Music notation is an art form unto itself. Like graphic design, it serves multiple muses, but its raison d’être is to efficiently communicate ideas. Last week, the formidable Colin Holter asked if computer notation software is a moot issue considering society’s ever-increasing acceptance of everything digital, but judging from the posted responses, we composers like our pencils just as much as our laptops. As a pencil-wielding non-Luddite myself, here’s my take on the issue: While crystal clear in a utilitarian sense, computer engraved scores, for the most part, are just soulless clones devoid of any personality.
Although I’ve used Finale in the past, I choose to notate everything by hand. I think it gives my scores a unique character. Call me superstitious, but with all my handmade idiosyncracies left intact, I really believe that my imperfect stokes—maybe a hairline off in placement versus pro-grade engraving—does affect a musician’s interpretive sensibilities. At the very least, I know that I can better engage and inspire performers by creating highly visual scores on good ol’ manuscript paper. And after the original is made, go ahead and digitize—scan it, make a JPEG, photocopy, whatever—my penmanship stays intact.
The art of letter writing is anachronistic by today’s standards and diacriticals arranged in certain patterns in an email have replaced the heart-dotted “i” that once adorned juvenile love notes. But there’s no denying that handwriting says something about the author’s personality. People are going to continue to study graphology, even if it eventually becomes only a forensic or archeological study. As technology progresses ever further into our lives, we might soon be asking each other: What font do you use for your signature?

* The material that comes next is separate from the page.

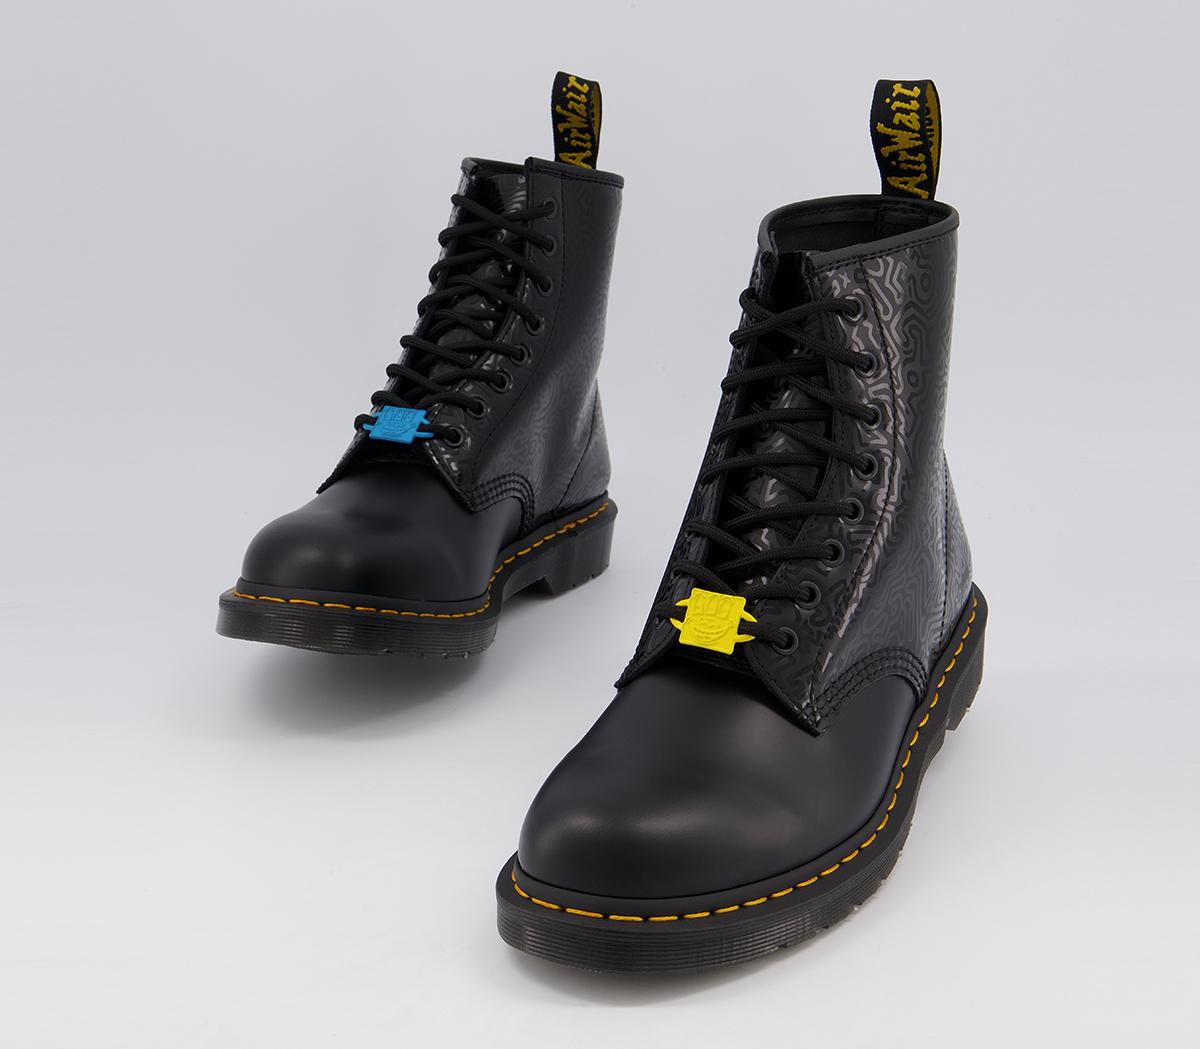 Dr. Martens Keith Haring 8 Eye Boots W Black - Womens

I’m not saying that great art can’t be created using bytes and pixels. But even in the fickle art world, it seems media art is less concerned with its own technology and convenience, and artists keep picking up paintbrushes. Just imagine if Luigi Nono had sat down at a Macintosh 512Ke to create his Post-prae-ludium per Donau. Would he have delivered a dot-matrix masterpiece? Perhaps. However, in the grand scheme of things, I much prefer that his chaotic scribbles coalesce into a beautifully cryptic and colorful score, suitable for framing.